Order 45, Rule 1(b) is clear that for the court to review its decision, certain requirements should be met. This section provides as follows:
“(1). Any person considering himself aggrieved-
(a) by a decree or order from which an appeal is allowed, but from which no appeal has been preferred; or
(b) by a decree or order from which no appeal is hereby allowed.
and who from the discovery of new and important matter or evidence which, after the exercise of due diligence, was not within his knowledge or could not be produced by him at the time when the decree was passed or the order made, or on account of some mistake or error apparent on the face of the record, or for any other sufficient reason, desires to obtain a review of the decree or order, may apply for a review of judgment to the court which passed the decree or made the order without unreasonable delay.

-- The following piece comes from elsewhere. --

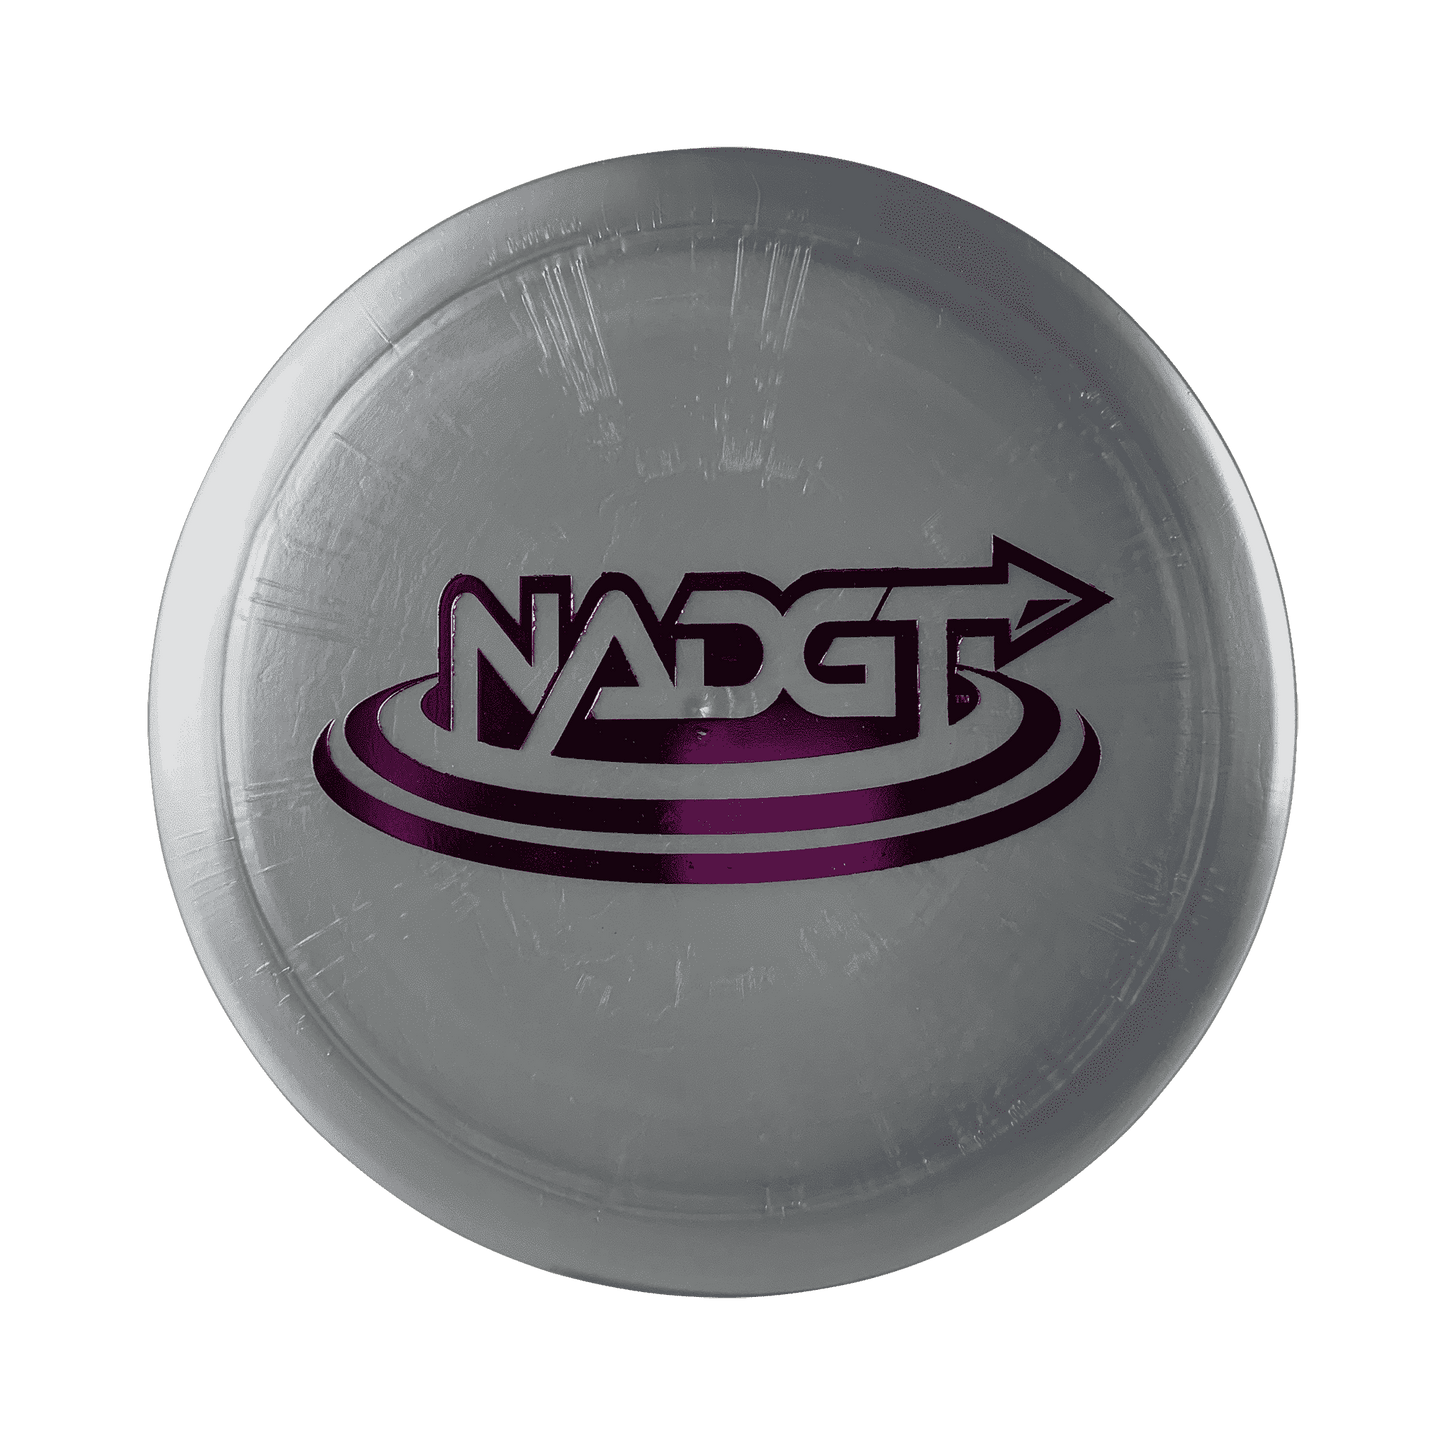 PL Rogue - NADGT Stamp Disc DGA silver 170

(2) A party who is not appealing from a decree or order may apply for a review of judgment notwithstanding the pendency of an appeal by some other party except where the ground of such appeal is common to the applicant and the appellant, or when, being respondent, he can present to the appellate court the case on which he applies for the review.”
The aforesaid rule is based on section 80 of the Civil Procedure Act, Cap. 21 Laws of Kenya which states as follows:
“Any person who considers himself aggrieved-
(a) by a decree or order from which an appeal is allowed by this Act, but from which no appeal has been preferred; or
(b) by a decree or order from which no appeal is allowed by this Act.

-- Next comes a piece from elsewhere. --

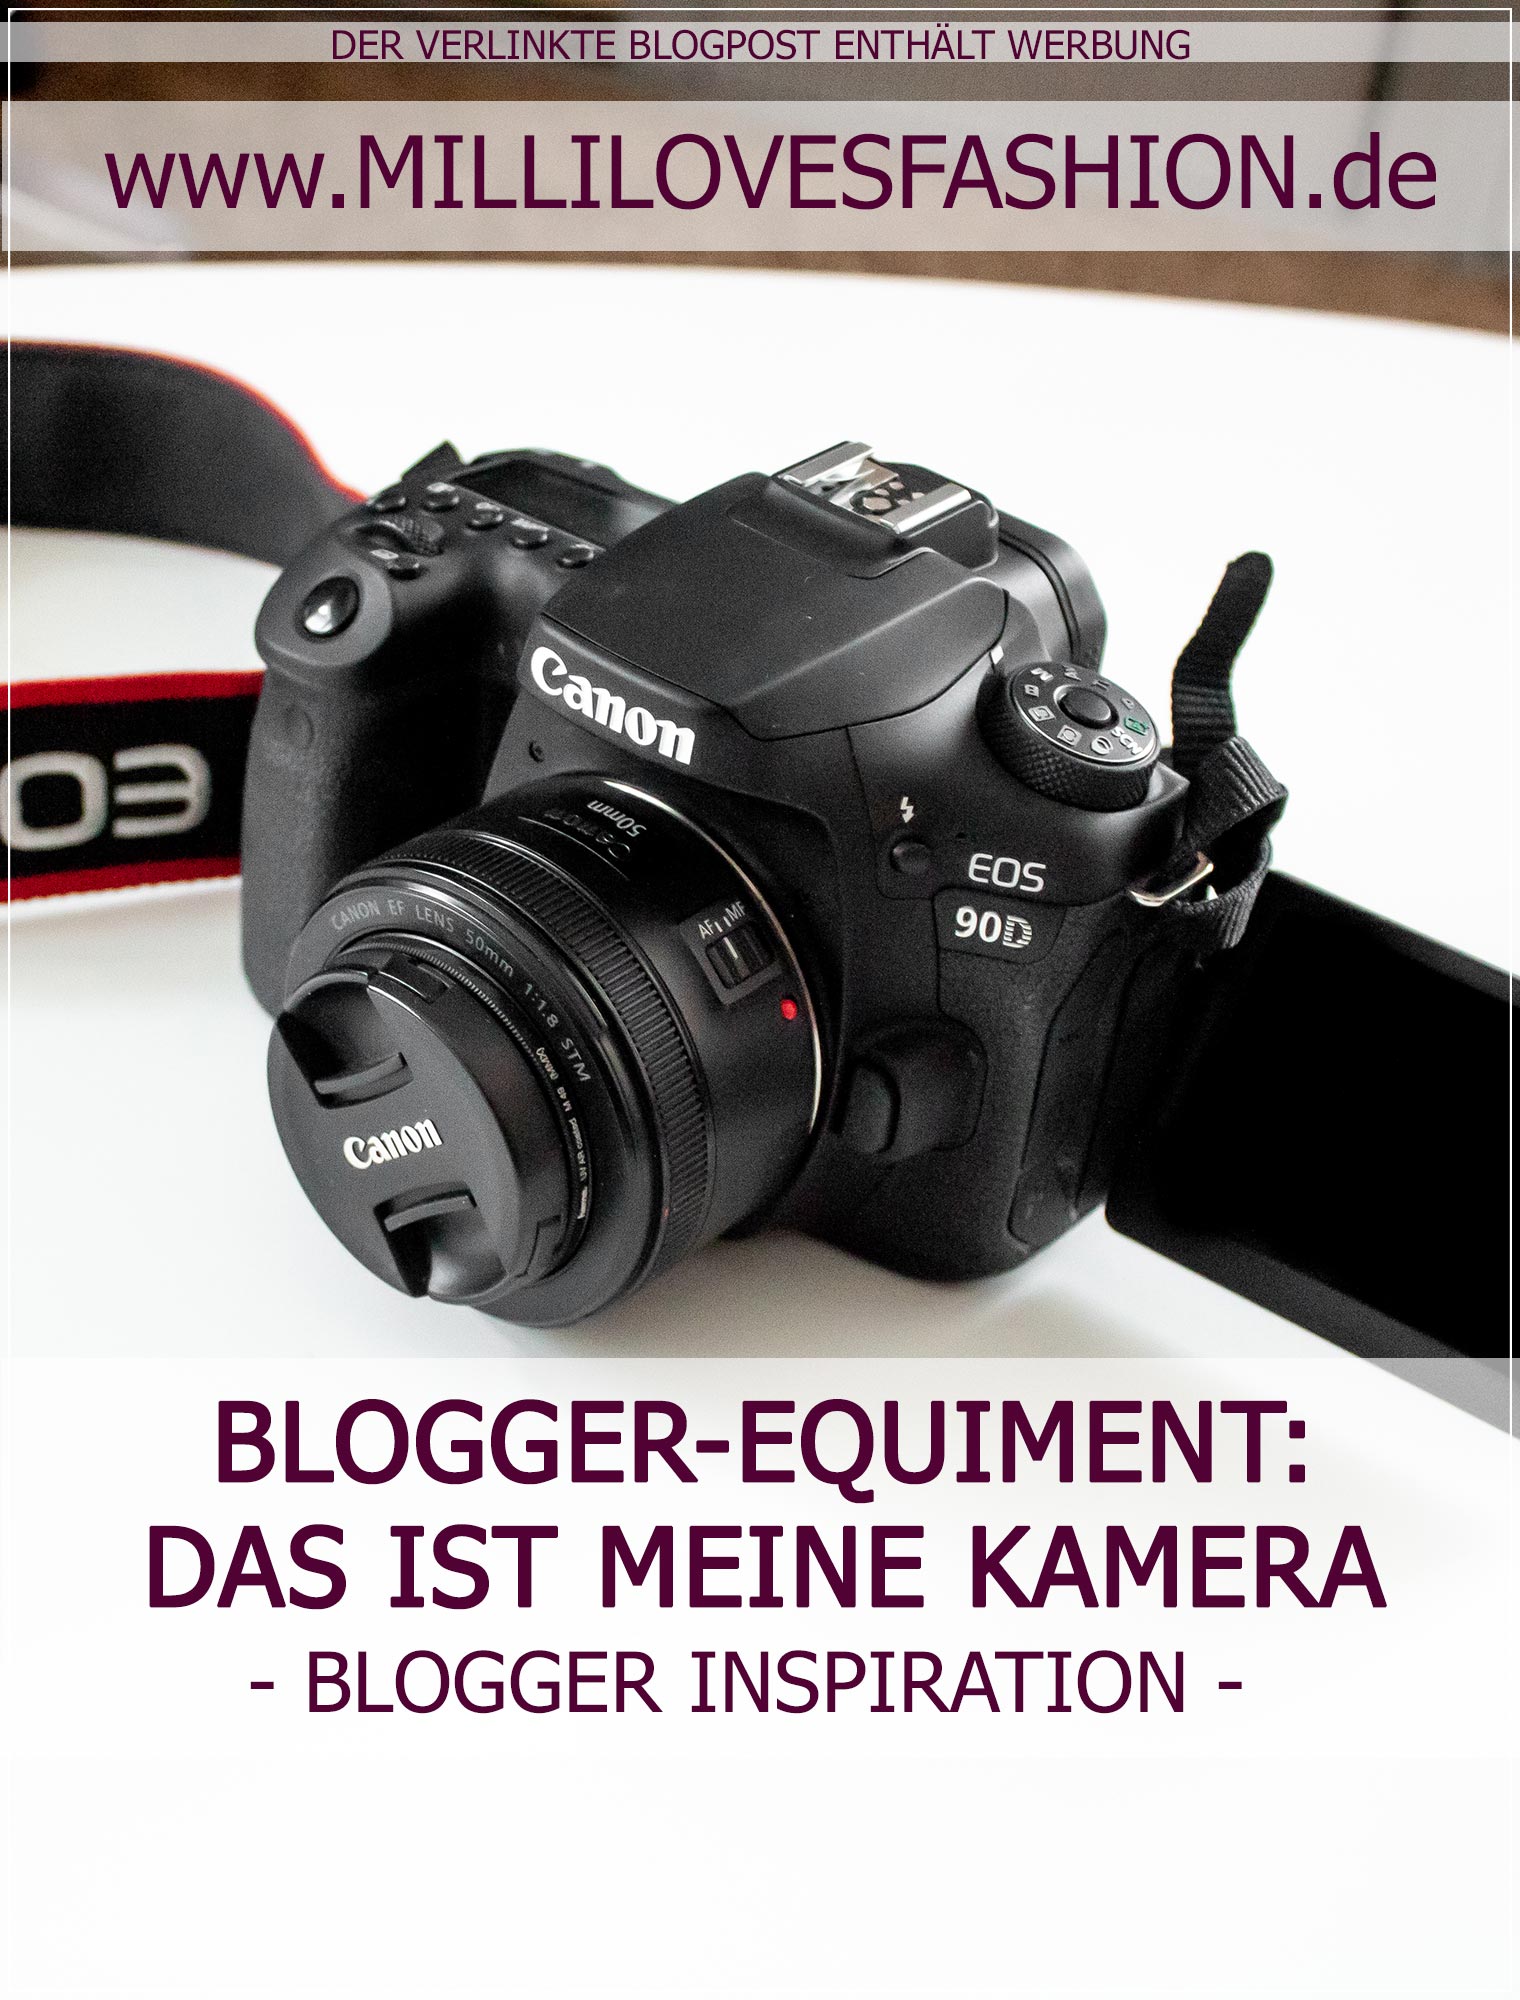 Bloggerequiment, Kamerareview meiner neuen Kamera Canon Eos90D

may apply for a review of judgment to the court which passed the decree or made the order, and the court may make such order thereon as it thinks fit.
Under Section 80 of the Civil Procedure Act, the court has unfettered discretion to make such order as it thinks fit on sufficient reason being given for review of its decision. However this discretion should be exercised judiciously and not capriciously. The defendant/applicants submitted that they may be evicted from their portion of land on the strength of the eviction orders issued by the court and yet the defendant/applicants do not reside within the 2. 6 acres of land parcel number Marama/Lunza/54. That the defendant/applicant’s stays away from the 2. 6 acres that the court has ordered them to be evicted from. The respondent submitted that the defendants have disobeyed the eviction orders of the honourable court issued on the 27th day of September, 2019. That the defendants/applicants herein are staying illegally on the disputed land which measures 2. 6 hectares which was surveyed and a title deed issued. I see no mistake or error or omission on the part of the court as the court order is clear. In Court of Appeal, Civil Appeal No. 2111 of 1996, National Bank of Kenya vs Ndungu Njau, the Court of Appeal held that;
“A review may be granted whenever the court considers that it is necessary to correct an apparent error or omission on the part of the court. The error or omission must be self evidence and should not require an elaborate argument to be established. It will not be sufficient ground for review that another Judge could have taken a different view of the matter nor can it be a ground for review that the court proceed on an incorrect expansion of the law”.
From the above provisions of the law, authorities cited and facts of this case I find that the applicant has failed to show any mistake or error apparent on the face of record and/or any sufficient reason to enable this court set aside its decision. If the applicants do not live on the suit land then they has no cause to worry as the court orders is clear on who is to be evicted and from where. Their recourse if dissatisfied is now to file an appeal. I find this application is not merited and I dismissed it with costs.
It is so ordered.
DELIVERED, DATED AND SIGNED AT KAKAMEGA THIS 22ND JUNE 2021.